Python Tips

A personal note on some useful notations for using python.

github

  • The jupyter notebook format file on github is here.

google colaboratory

  • If you want to run it in google colaboratory here 010/010_nb.ipynb)

Author’s environment

sw_vers
ProductName: Mac OS X

    ProductName: Mac OS X
    ProductVersion: 10.14.6
    BuildVersion: 18G95
Python -V
Python 3.5.5 :: Anaconda, Inc.

Fast aggregate retrieval after groupby in pandas

A pandas specialist once told me about a fast way to get the results (DataFrame type) after a groupby.

Basic library loading.

%matplotlib inline
%config InlineBackend.figure_format = 'svg'

import time
import json

import matplotlib.pyplot as plt
import numpy as np
count = 8
df_list = [].

for k in range(count):
  num = 10 ** k
  a1 = [{'a': i, 'b':i ** 2, 'c': i ** 3 % 9973} for i in range(num)]
  df_list.append(pd.DataFrame(a1))

Here’s a fast way to extract it using a combination of groupy and for that I was taught.

time_list = [].
for i, df in enumerate(df_list):
  start_time = time.time()
  for c, _ in df.groupby('c'):
    pass
  time_list.append(time.time() - start_time)

I’m ashamed to say that this is the method I’ve been using.

time_list_02 = [].
c_list = df_list[count - 1]['c'].unique().tolist()

for i, df in enumerate(df_list):
  for c in c_list:
    df[df['c'] == c].count()
  time_list_02.append(time.time() - start_time)

Compare results

Let’s plot and compare the results.
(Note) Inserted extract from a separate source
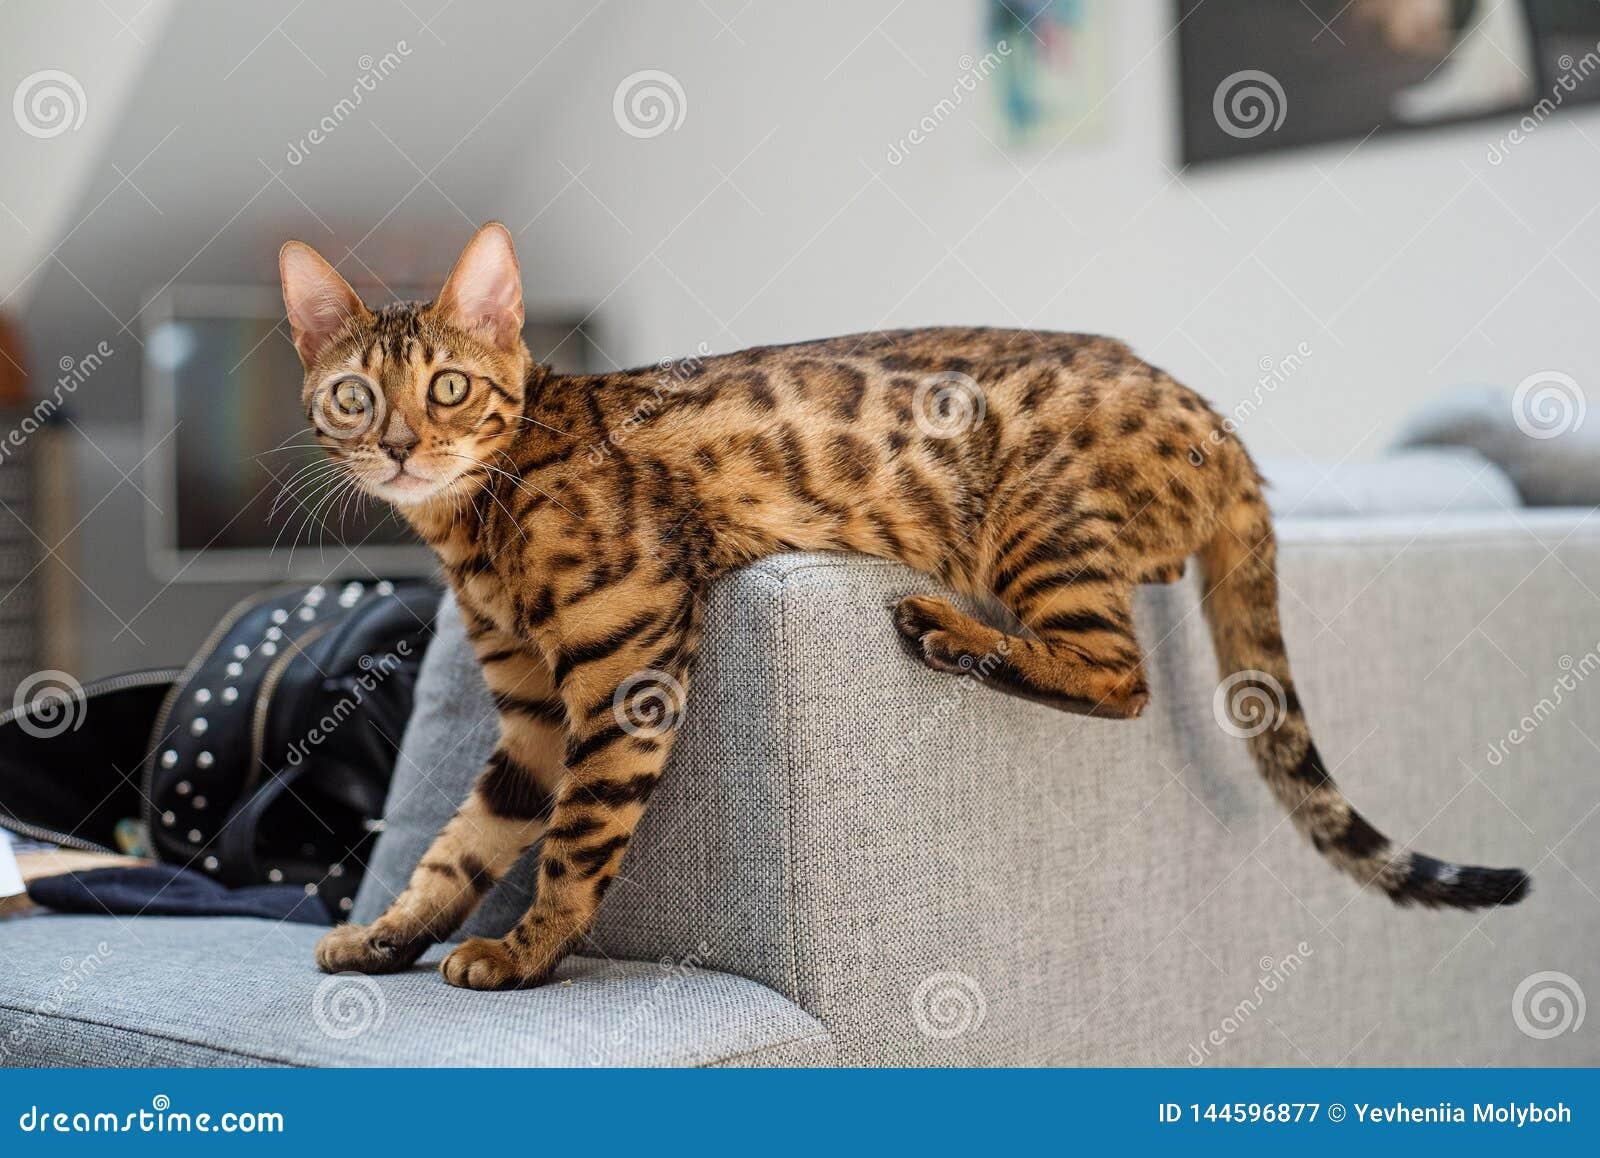 Bengal cat lies on the sofa

Note that the $x$ axis is the exponent of the number of rows in the DataFrame and the $y$ axis is the logarithm.

import matplotlib.pyplot as plt

plt.yscale('log')
plt.plot(range(count), time_list, label='modified')
plt.plot(range(count), time_list_02, label='previous')
plt.grid()
plt.legend()
plt.show()

Even with a large amount of data, I have confirmed that the speed is about one digit faster. There is a lot of depth to the pandas that we usually use without thinking about it. I have to thank the person who told me about this! It really helped me!